-- Work item --
Restate the whole listing below word for word and keep the images out.

-- Dataset content --
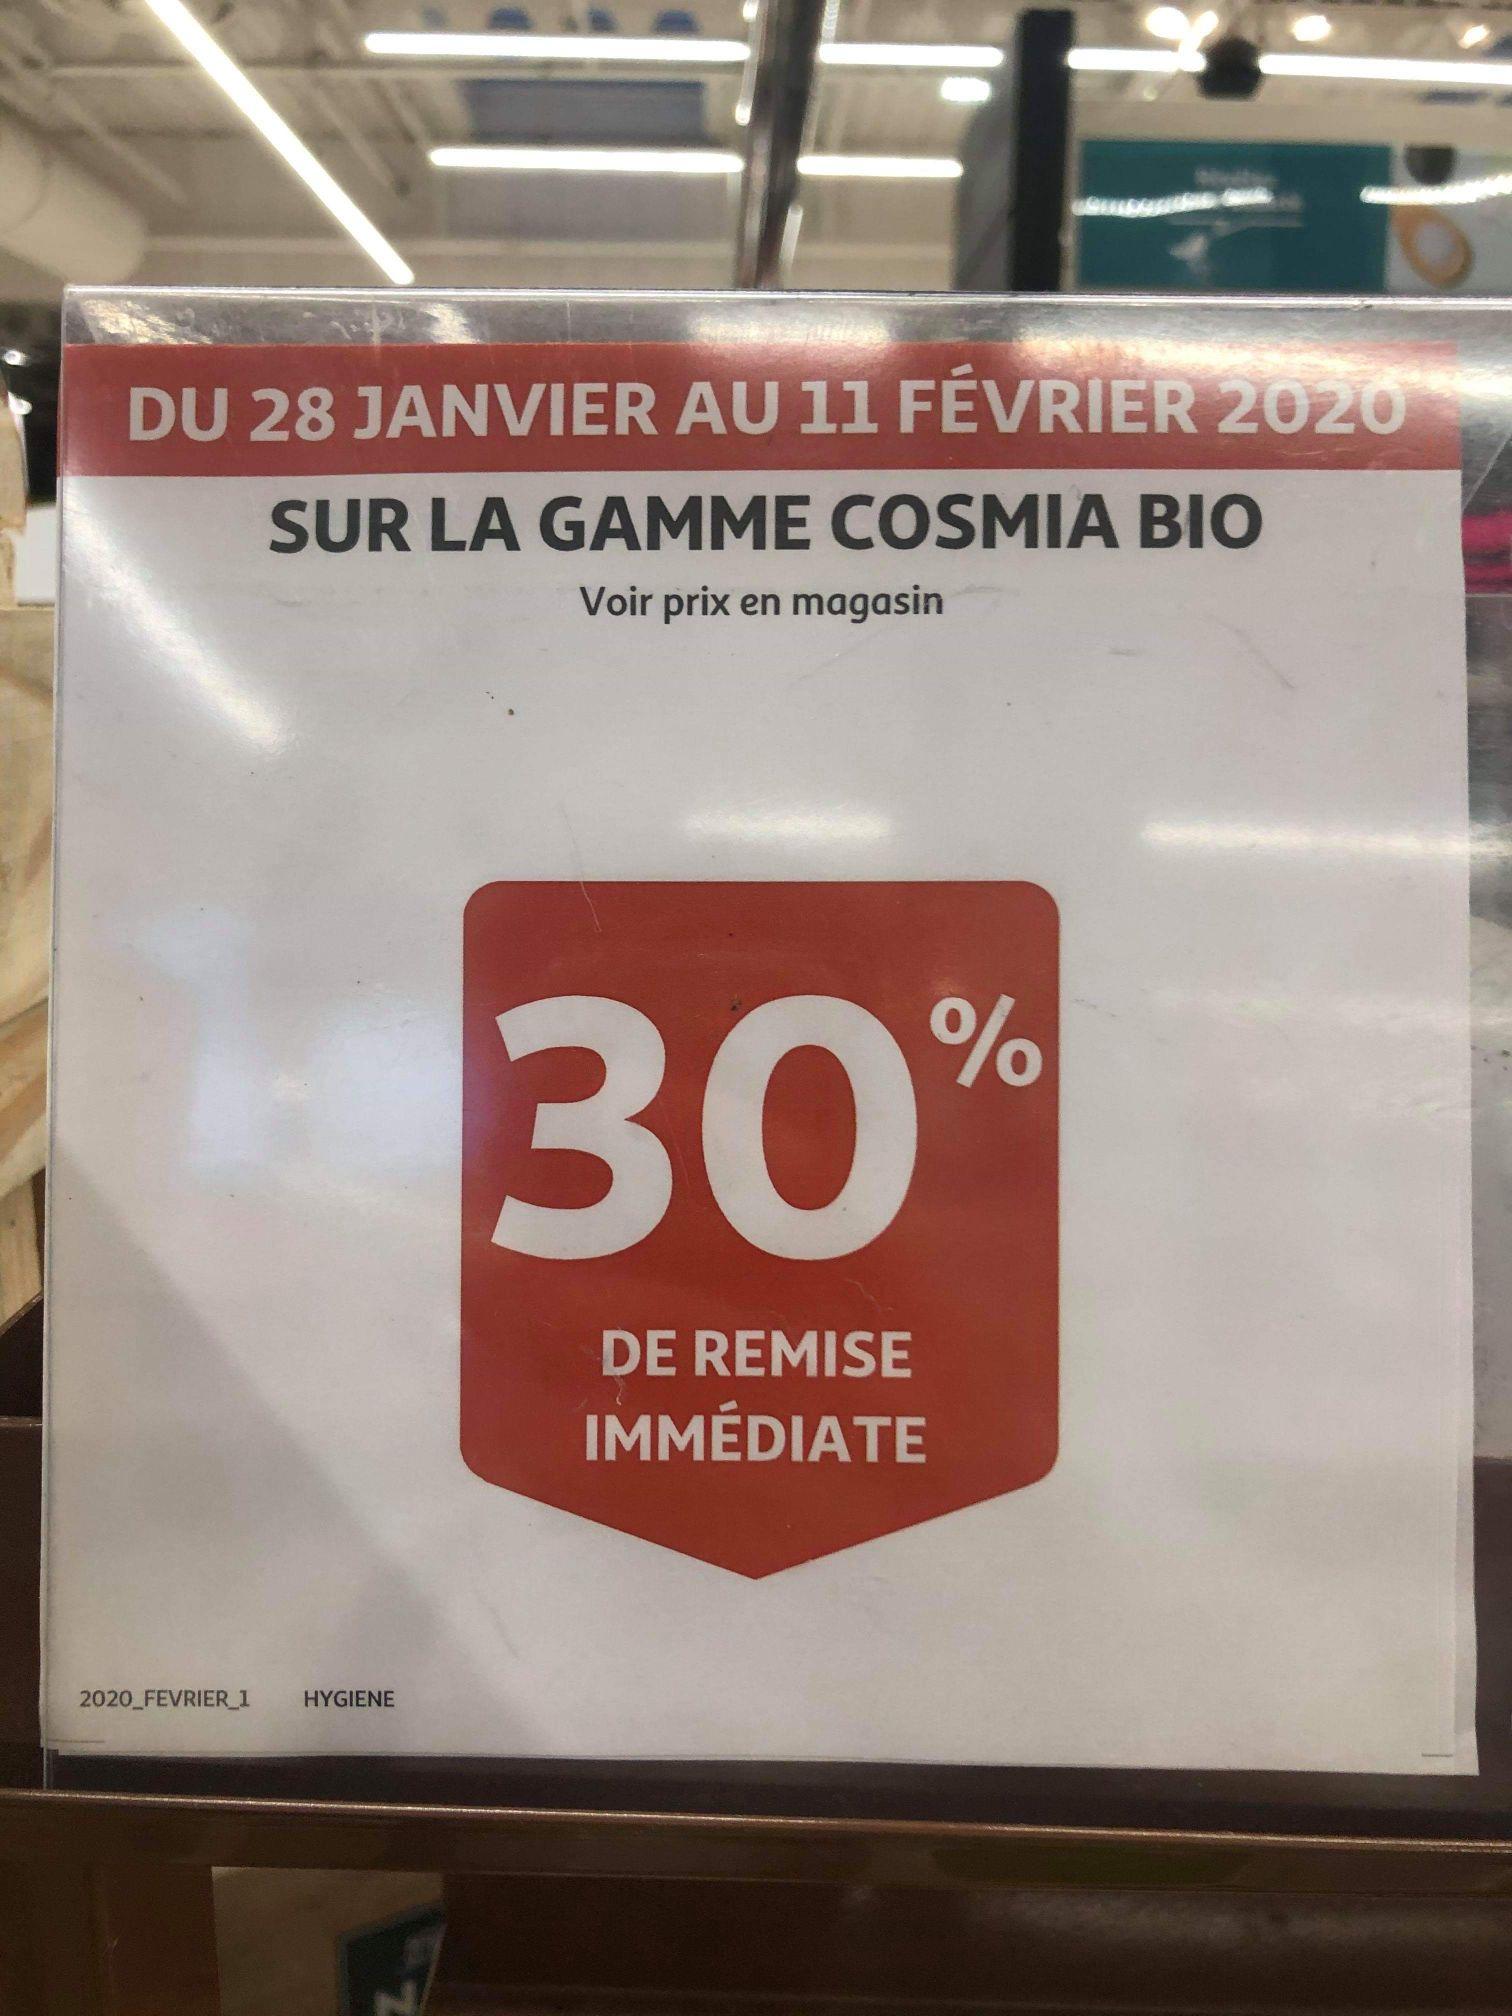 30% de remise immédiate sur les produits Cosmia Bio – Auchan et Auchan Drive National
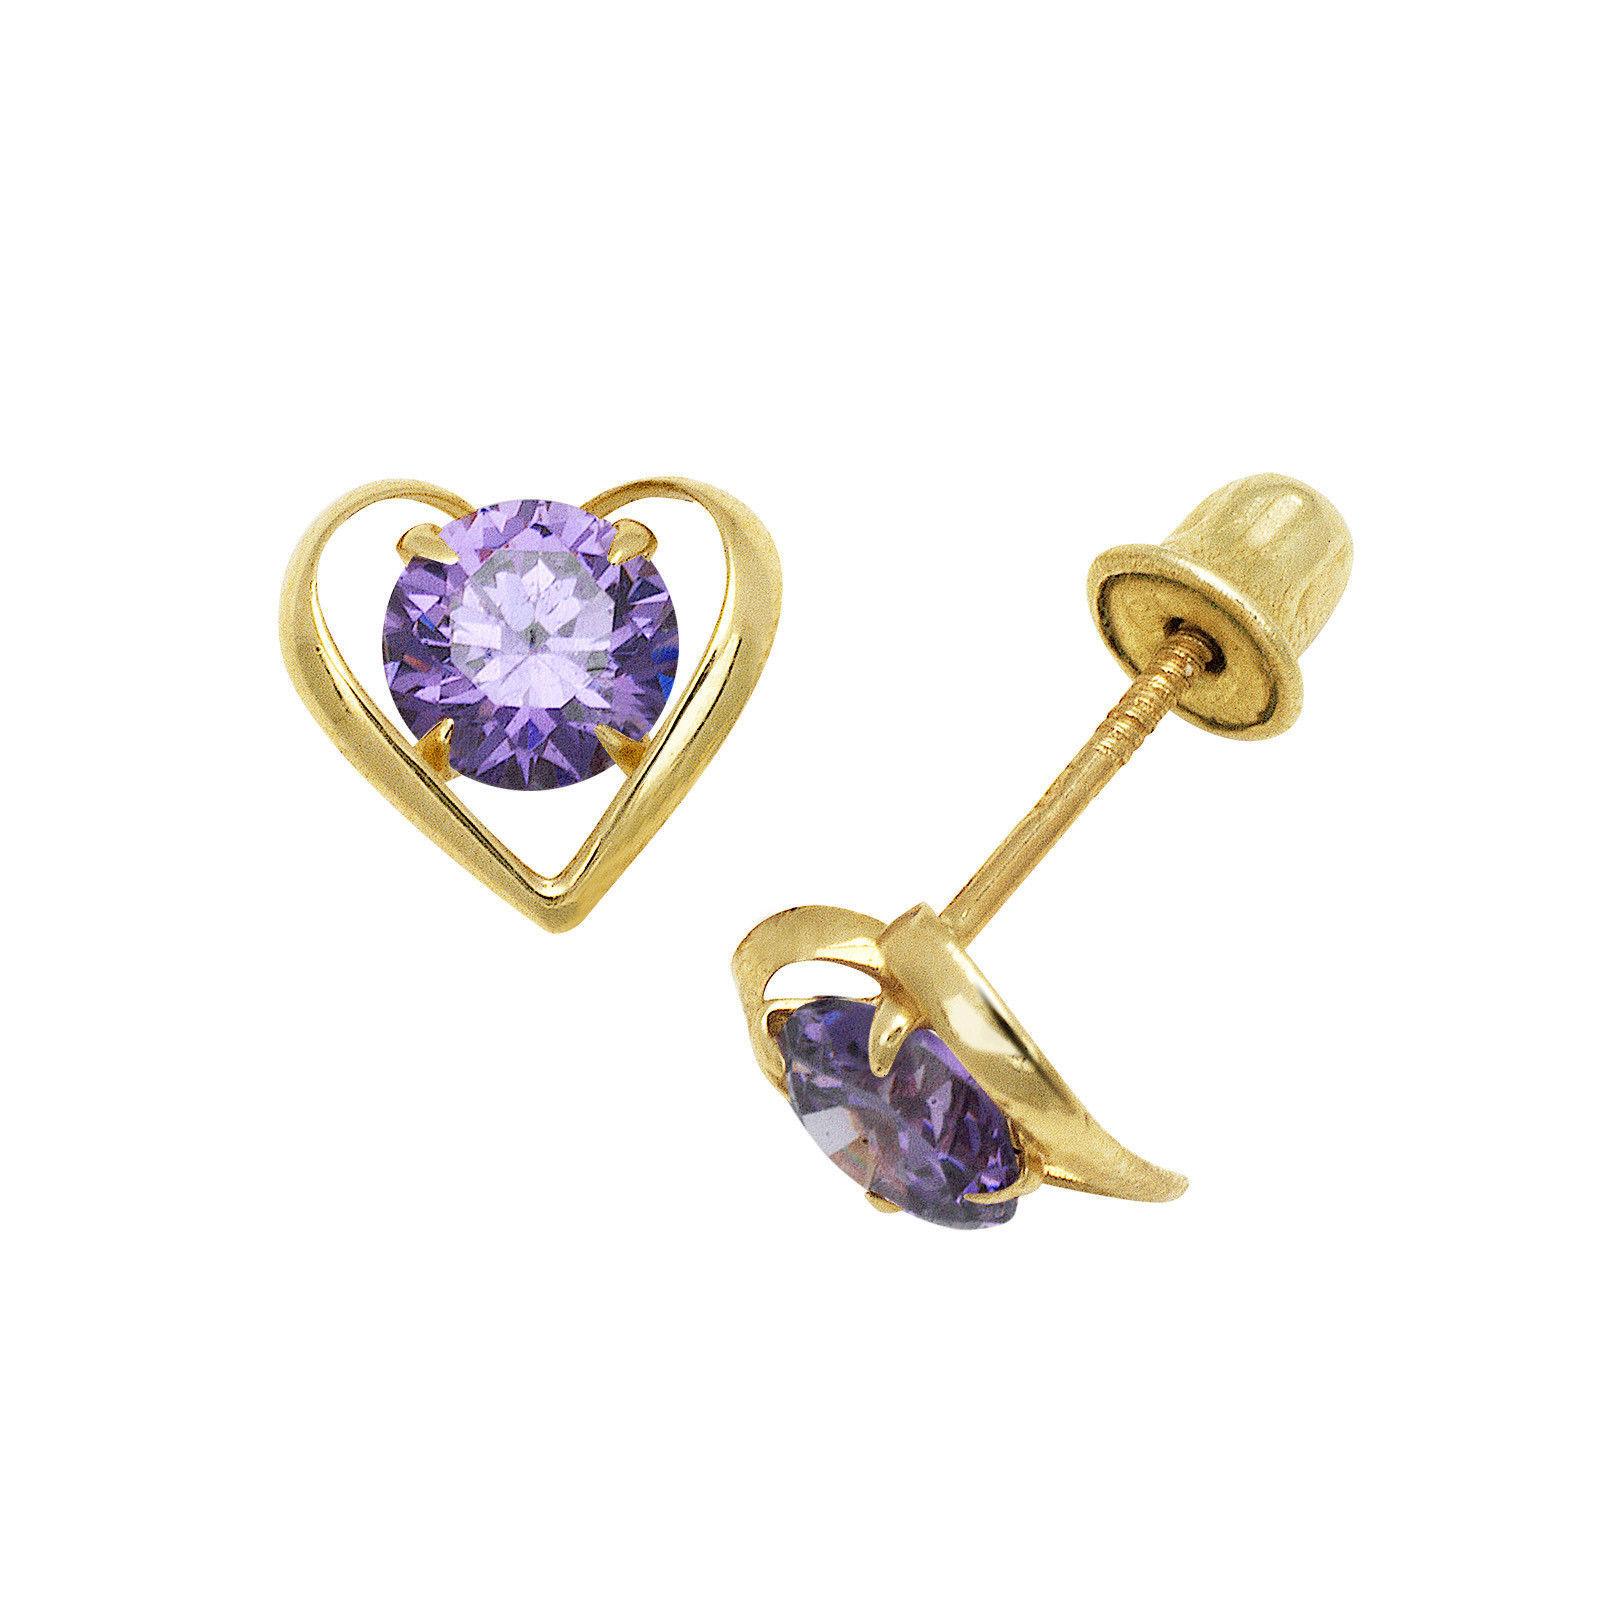 Blau & Weiss Saphir Herz & Blumen Stecker Ohrringe Schrauben Rückseite 14k Gold Echtschmuck
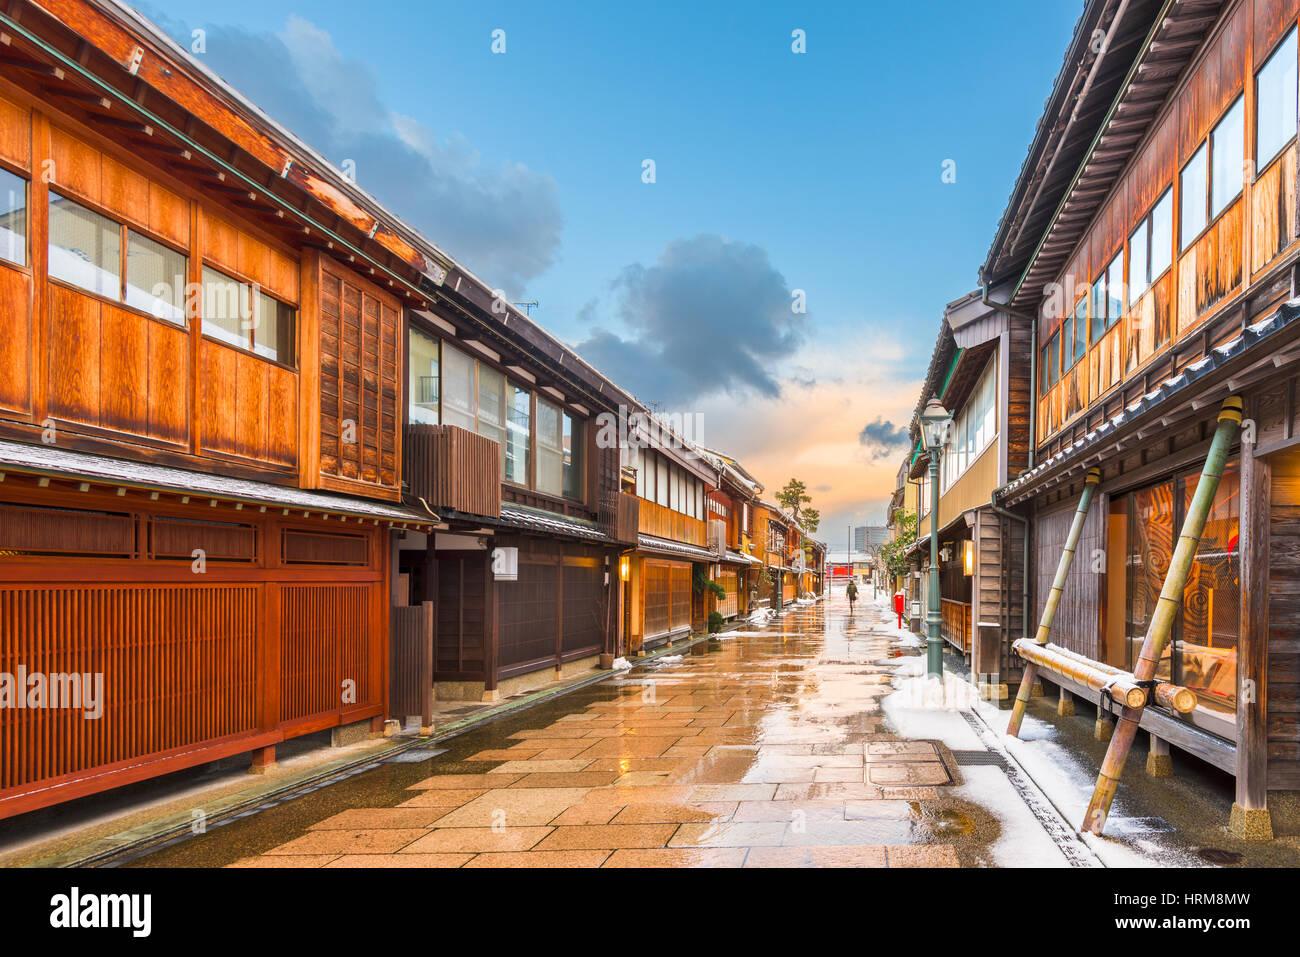 Kanazawa, Japón, en el histórico distrito Nishi chaya en el invierno. Imagen De Stock

-- Result --
 30% de remise immédiate sur les produits Cosmia Bio – Auchan et Auchan Drive National
 Blau & Weiss Saphir Herz & Blumen Stecker Ohrringe Schrauben Rückseite 14k Gold Echtschmuck
 Kanazawa, Japón, en el histórico distrito Nishi chaya en el invierno. Imagen De Stock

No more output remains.